Detailed Description
According to a first embodiment of the utility model, provide a sleeve pipe injection formula bimedium coupling jetting device:
a double-pipe-jet dual-media-coupled blowing device, the blowing device comprising: a mixing and directional blowing pipe 1; the mixing and directional blowing pipe 1 comprises an inner nozzle 101 and an outer cover nozzle 102; the outer cover spray pipe 102 covers the outer side of the inner spray pipe 101; the inner spray pipe 101 and the outer cover spray pipe 102 are horizontally arranged above a trolley of the sintering machine; a spray hole 103 is formed in one side, facing the trolley, of the inner spray pipe 101; a nozzle 104 is arranged on one side of the outer cover spray pipe 102 towards the trolley; the substances sprayed out from the spray holes 103 pass through the nozzles 104 and enter the sintering material layer; steam or fuel gas is introduced into the inner spray pipe 101; the outer cover spray pipe 102 is internally filled with gas or steam.
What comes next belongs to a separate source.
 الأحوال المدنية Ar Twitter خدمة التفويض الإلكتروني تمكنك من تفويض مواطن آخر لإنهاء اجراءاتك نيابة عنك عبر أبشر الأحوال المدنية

Preferably, the number A of the mixing and directional blowing pipes 1 is 2-100; the a mixing and directional blowing pipes 1 form a group of mixing and directional blowing pipe rows P1.
Preferably, the blowing device further includes: a steam branch pipe Z1, a steam main pipe Z2, a fuel gas branch pipe R1 and a fuel gas main pipe R2; the steam main pipe Z2 is arranged outside the sintering machine cover body; a branch steam pipe Z1 of a steam main pipe Z2 is communicated with the feed inlet of the inner spray pipe 101/the outer cover spray pipe 102; the fuel gas main pipe R2 is arranged outside the sintering machine cover body; the gas main pipe R2 branch gas branch pipe R1 is communicated with the feed inlet of the outer cover spray pipe 102/inner spray pipe 101.
This blowing device still includes: a branch pipe regulating valve 5; the branch regulating valve 5 is arranged on the steam branch pipe Z1 and/or the fuel gas branch pipe R1.
Preferably, the blowing device further includes: an internal-spraying booster pump 2; the inner spray booster pump 2 is arranged at the upstream of the feeding hole of the inner spray pipe 101.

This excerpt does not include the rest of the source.